When President Clinton wrote a letter recently wishing happy trails to outgoing Argentine President Carlos Menem, the gesture marked more than just the golf-buddy friendship the two leaders have struck up.

The letter was acknowledgment of a special relationship forged over the decade of Mr. Menem's presidency that turned Argentina from one of the United States' more suspicious and arms-length southern neighbors into perhaps its closest and most reliable ally in the region.

That transition is indicative of a shift away from anti-American ideologies across Latin America and toward a wider opening to foreign influences and the international community - with the Argentine swing being the most dramatic.

Now with Menem leaving office the relationship with the US won't be so close, analysts say. But the opening of Argentina - and Latin America - to the world is here to stay.

"What happened in Argentina in this decade was a strategic rethinking of the country," says Daniel Geraci, undersecretary of defense for policy and strategy. "Such shifts aren't subject to a political campaign or a change of government."

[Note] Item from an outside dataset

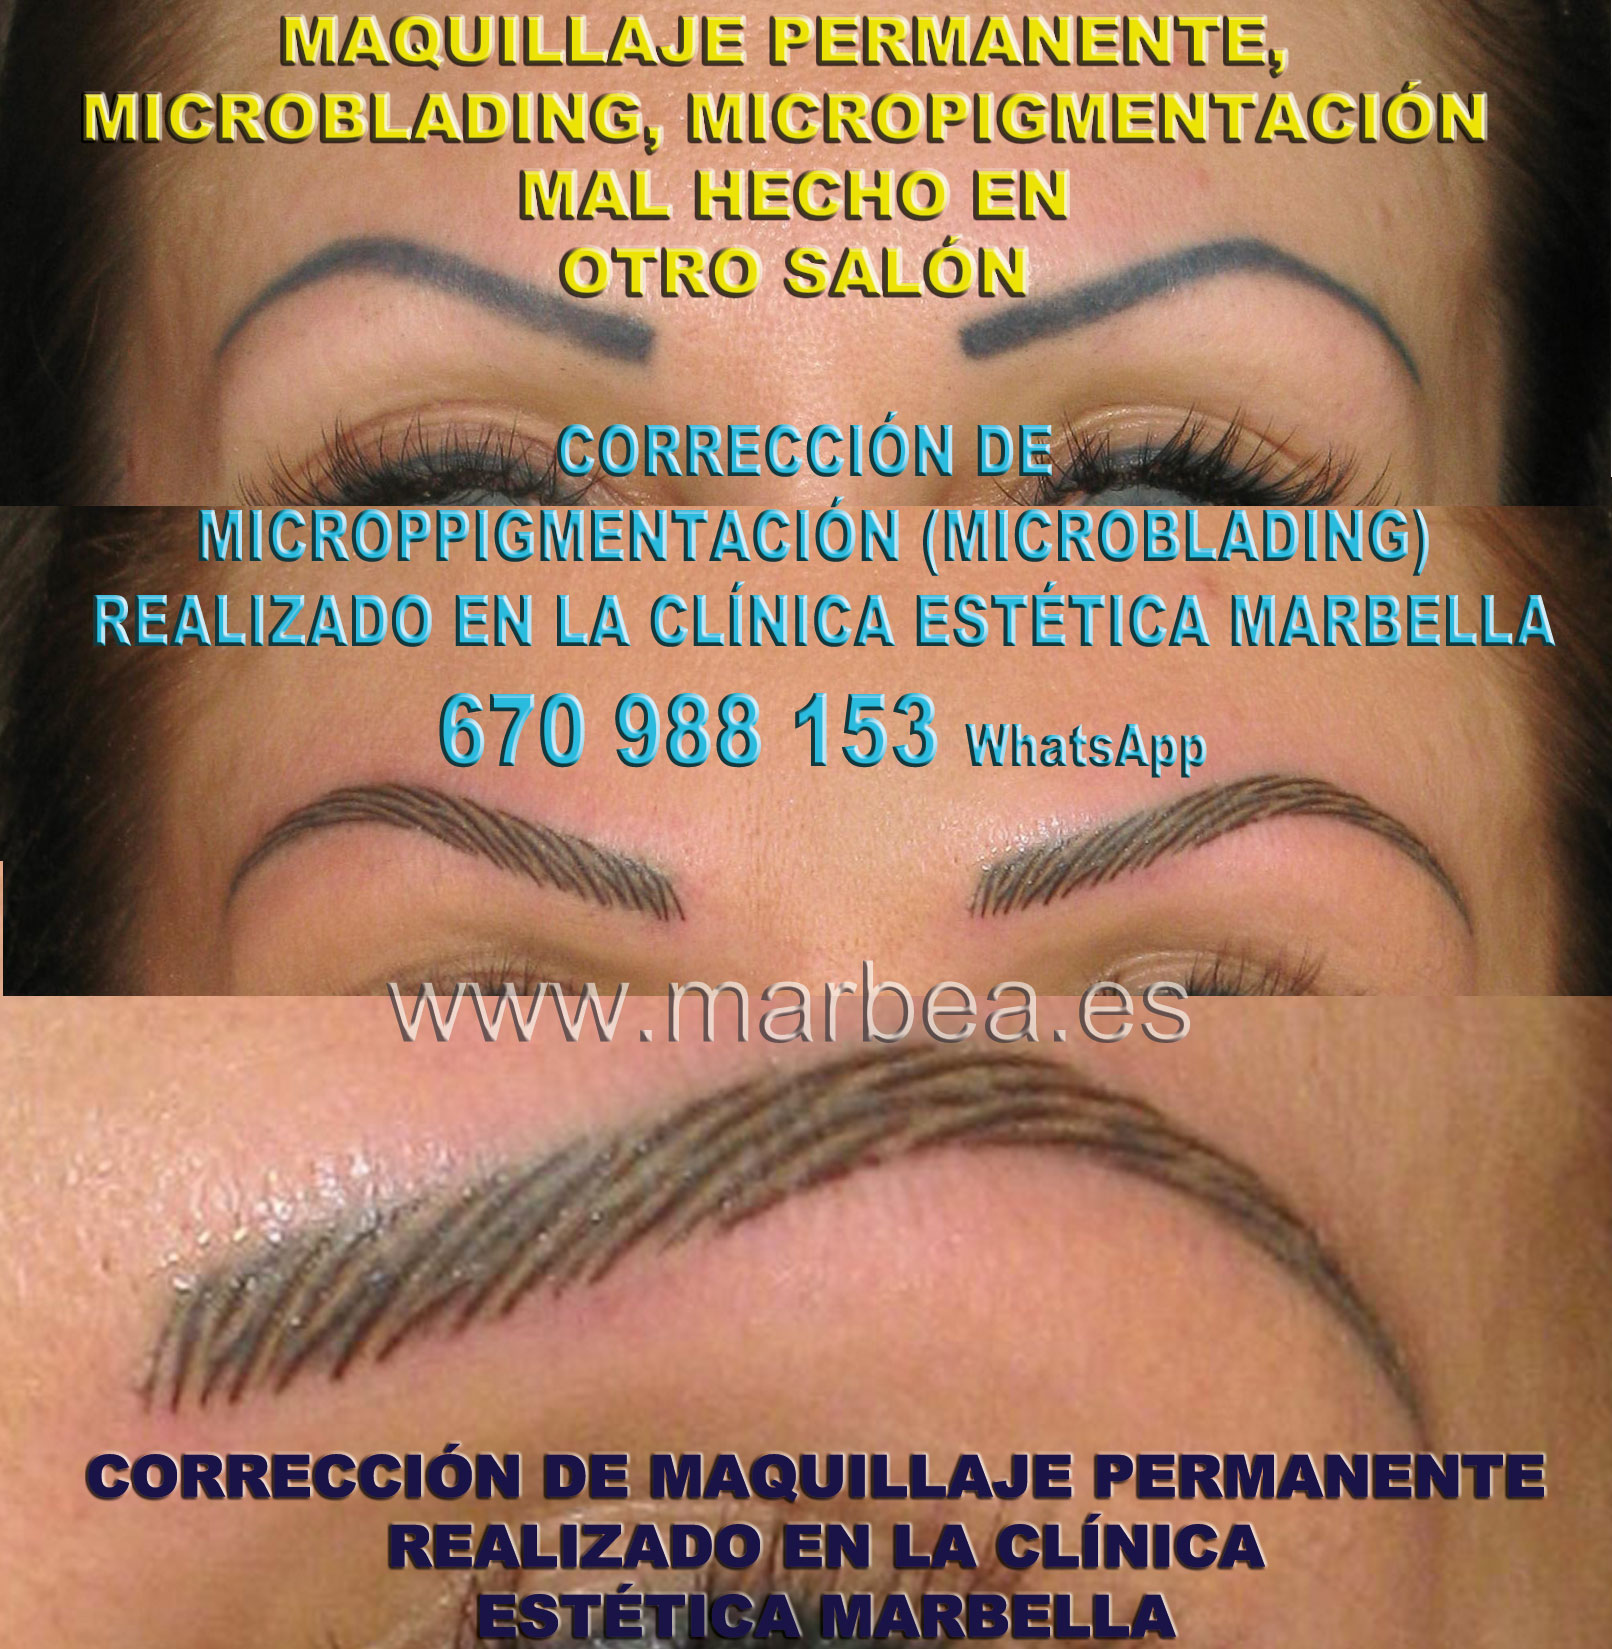 ELIMINAR TATUAJE CEJAS clínica estética maquillaje permanete propone como aclarar la micropigmentación cejas,corregir micropigmentación mal hecha

According to Admiral Geraci, this rethinking was not so much based on a desire for alignment with the US as it was a conscious embrace of international values emerging in the post-cold-war years. Instead of going against the grain Argentina wanted to move with the international community on democracy, human rights, and a freer economy, he says. "The change of values led to a congruence with the US."

No more 'automatic alignment'

An Argentina under incoming president Fernando de la Rua will maintain friendly ties with the US, but what came to be called Argentina's "automatic alignment" with the US on international issues will end. Mr. de la Rua, who takes office in December, will shift Argentina slightly to a more traditional orientation toward Western Europe, observers here believe. They say the country will side more firmly with regional partners like Brazil in any conflicts with the US in areas such as trade. Washington will no longer be able to count Argentina in the "with us" column when it comes to key United Nations votes, participation in international military interventions, or a position on Cuba's communist government.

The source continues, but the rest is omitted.